─── RECORDED INFORMATION ───

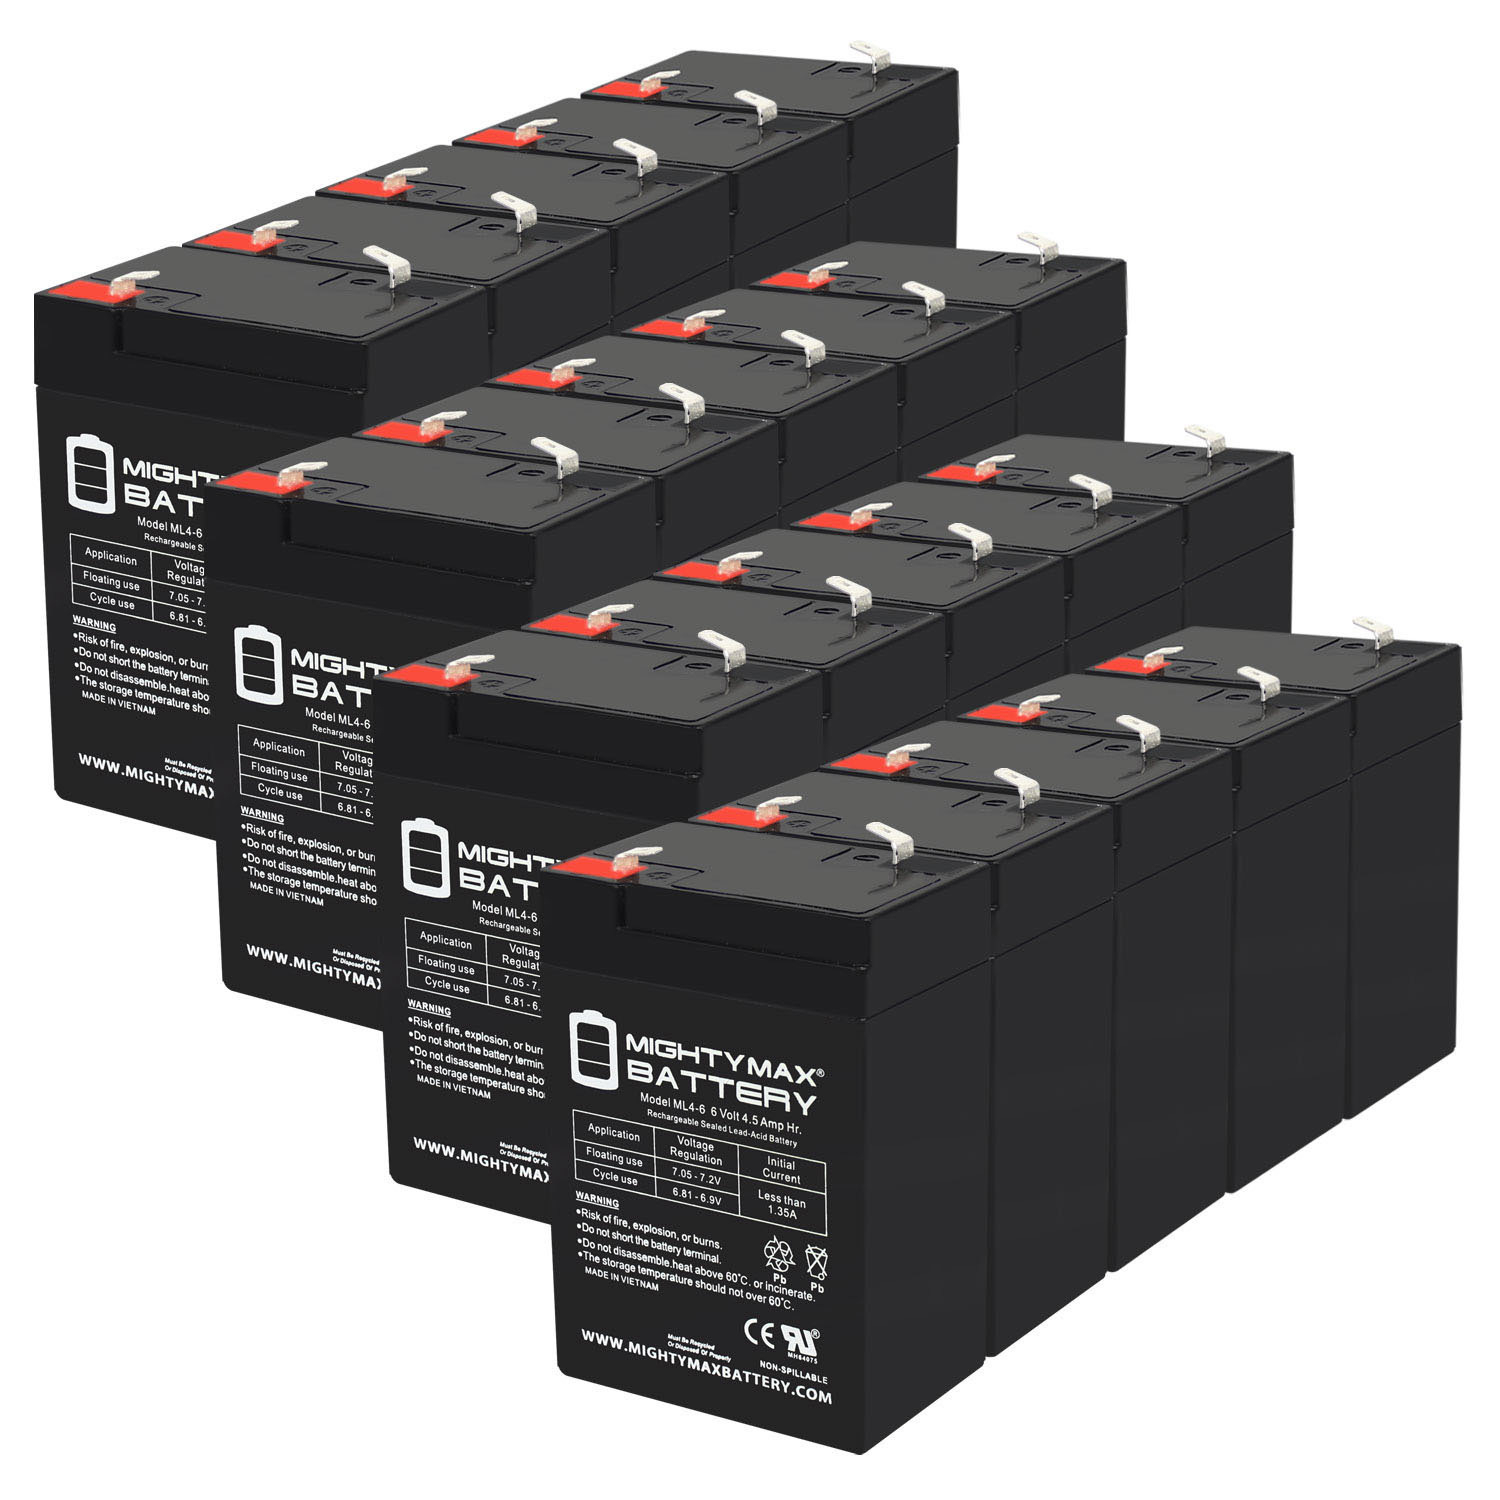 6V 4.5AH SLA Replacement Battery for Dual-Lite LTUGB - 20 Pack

───
─── RECORDED INFORMATION ───

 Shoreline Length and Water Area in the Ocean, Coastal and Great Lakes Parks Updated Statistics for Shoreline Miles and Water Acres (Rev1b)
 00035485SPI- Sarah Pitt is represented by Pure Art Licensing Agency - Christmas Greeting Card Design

───

WHAT YOU ARE ASKED TO DO ▸
All that is wanted is a faithful reproduction of the line above with "Shoreline Length and", the line with "00035485SPI- Sarah Pitt", and every line in between.

RESPONSE TO THIS TASK ▸
 Shoreline Length and Water Area in the Ocean, Coastal and Great Lakes Parks Updated Statistics for Shoreline Miles and Water Acres (Rev1b)
 00035485SPI- Sarah Pitt is represented by Pure Art Licensing Agency - Christmas Greeting Card Design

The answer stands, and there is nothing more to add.